Work required – Pictures should be left out while the data beneath this task is written out word for word.

Data Start Marker

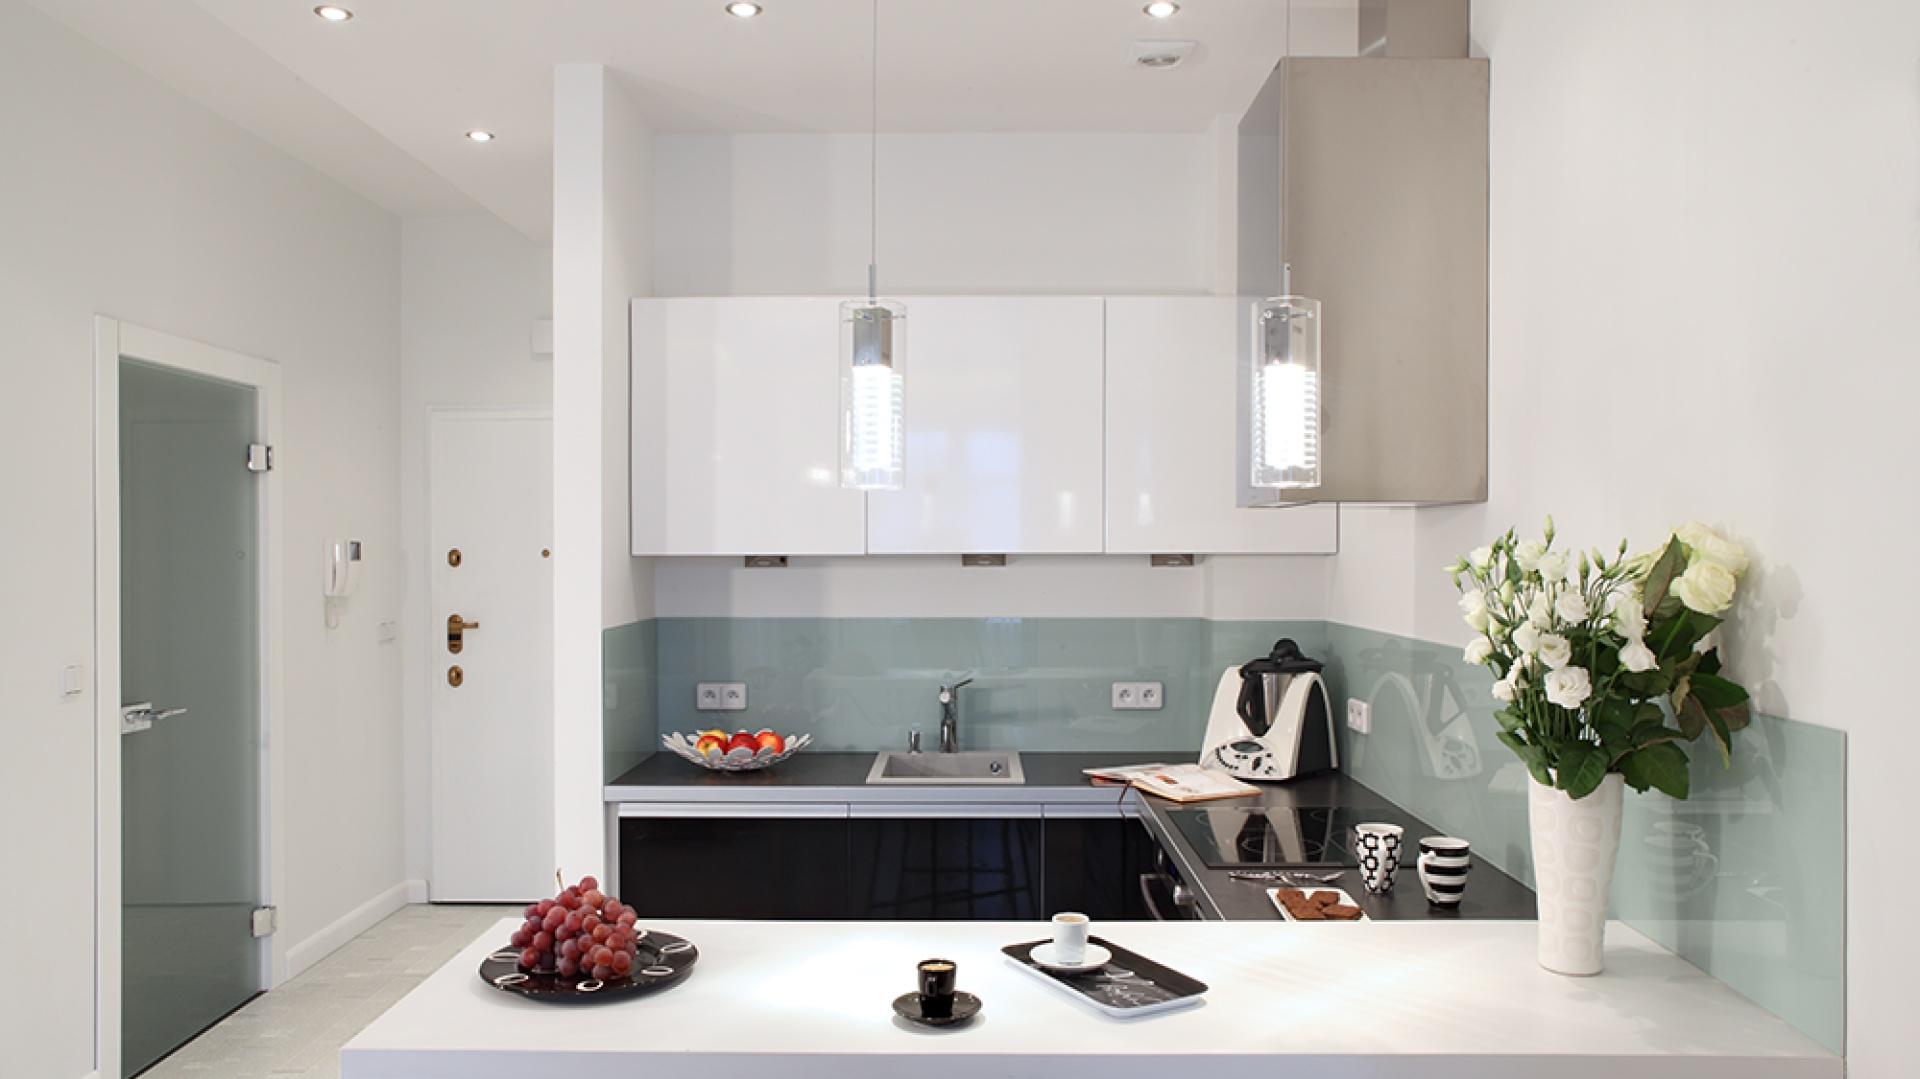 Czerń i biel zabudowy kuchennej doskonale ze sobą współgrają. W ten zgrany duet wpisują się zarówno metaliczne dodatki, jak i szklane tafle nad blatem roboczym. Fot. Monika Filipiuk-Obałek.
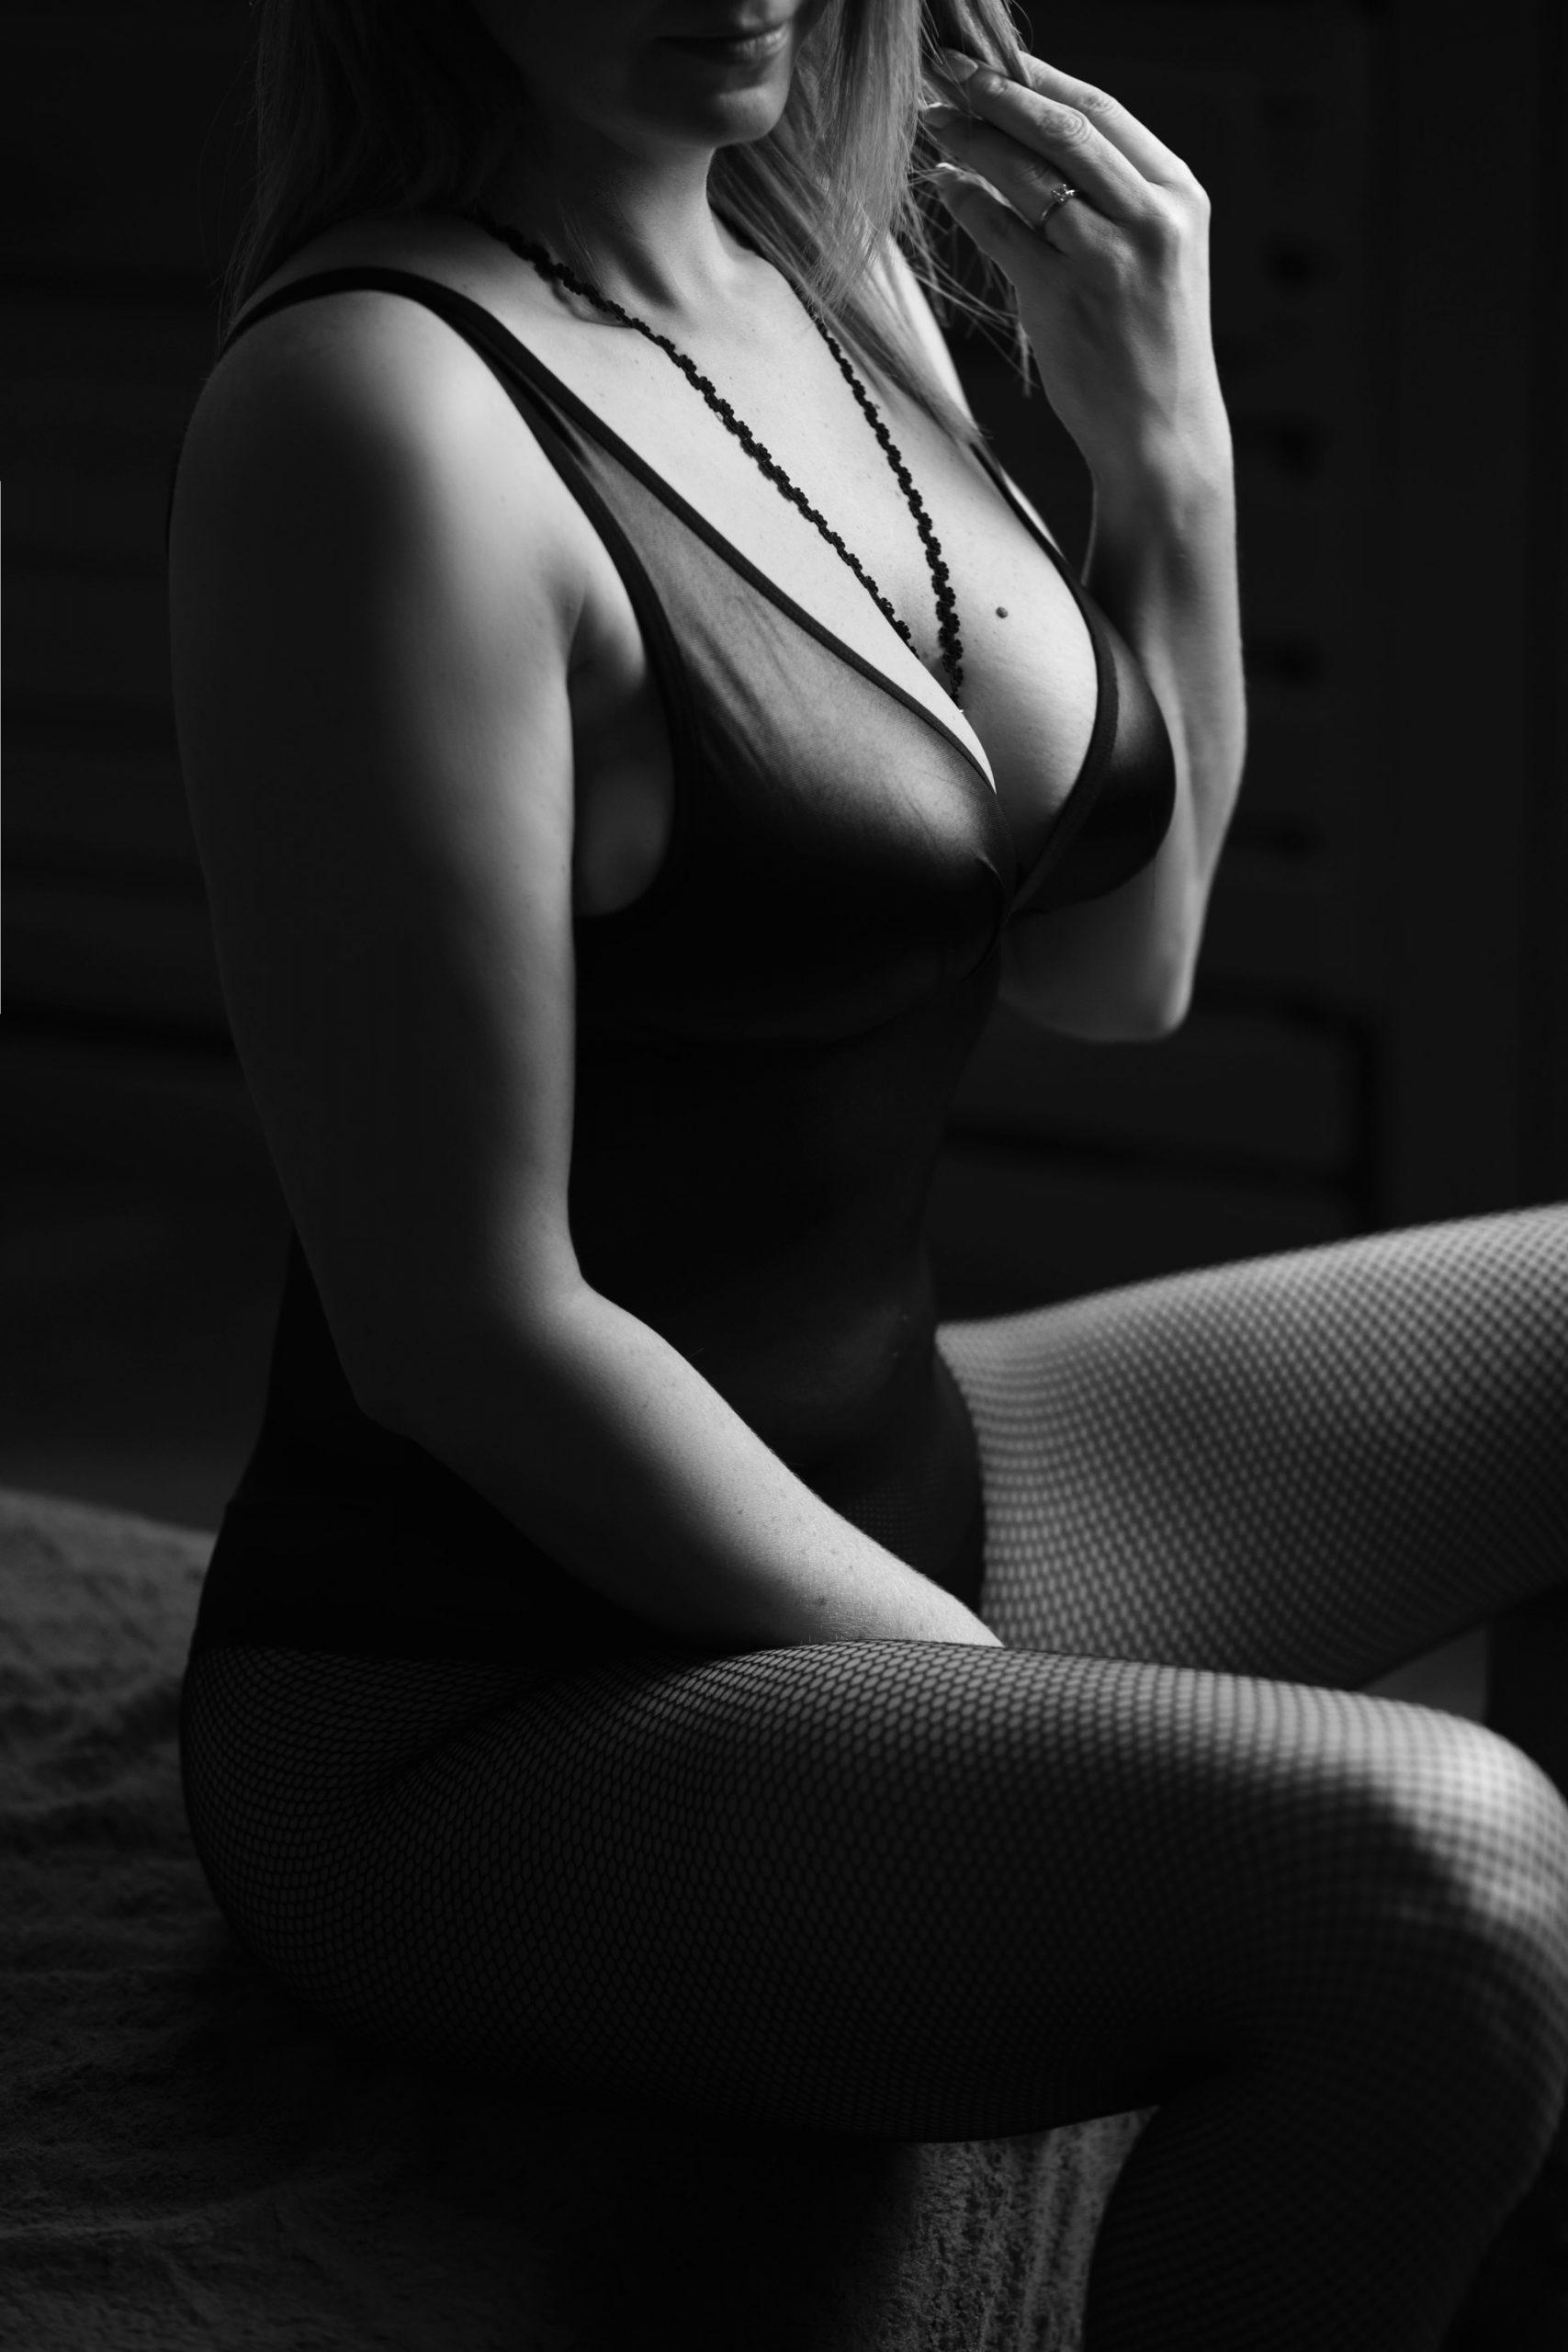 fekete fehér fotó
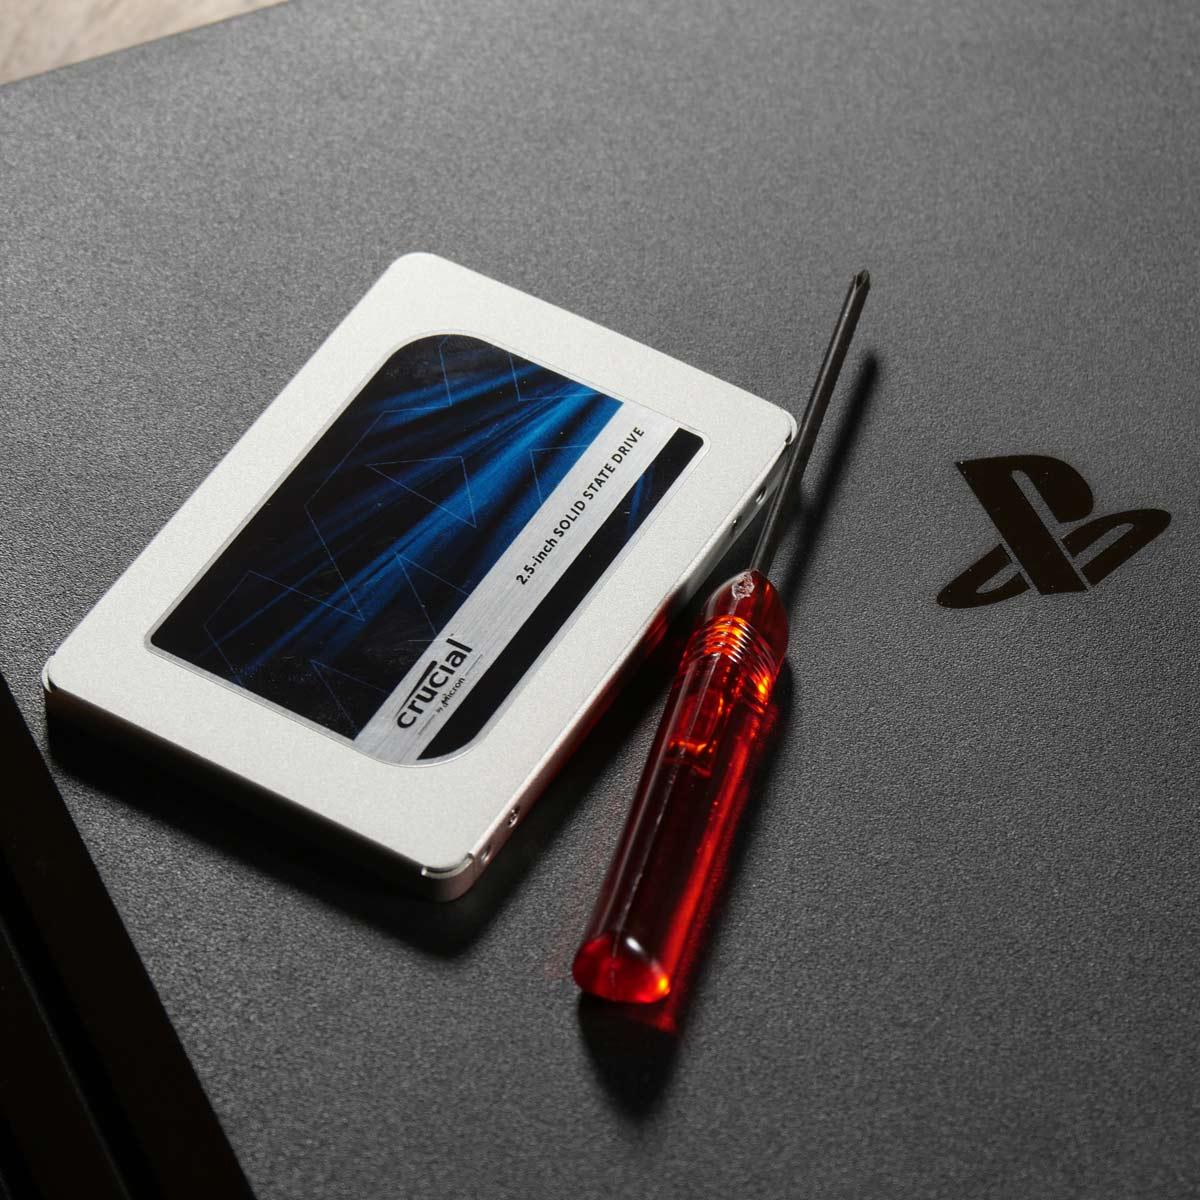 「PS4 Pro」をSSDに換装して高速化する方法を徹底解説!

Data End Marker

Solved problem –
 Czerń i biel zabudowy kuchennej doskonale ze sobą współgrają. W ten zgrany duet wpisują się zarówno metaliczne dodatki, jak i szklane tafle nad blatem roboczym. Fot. Monika Filipiuk-Obałek.
 fekete fehér fotó
 「PS4 Pro」をSSDに換装して高速化する方法を徹底解説!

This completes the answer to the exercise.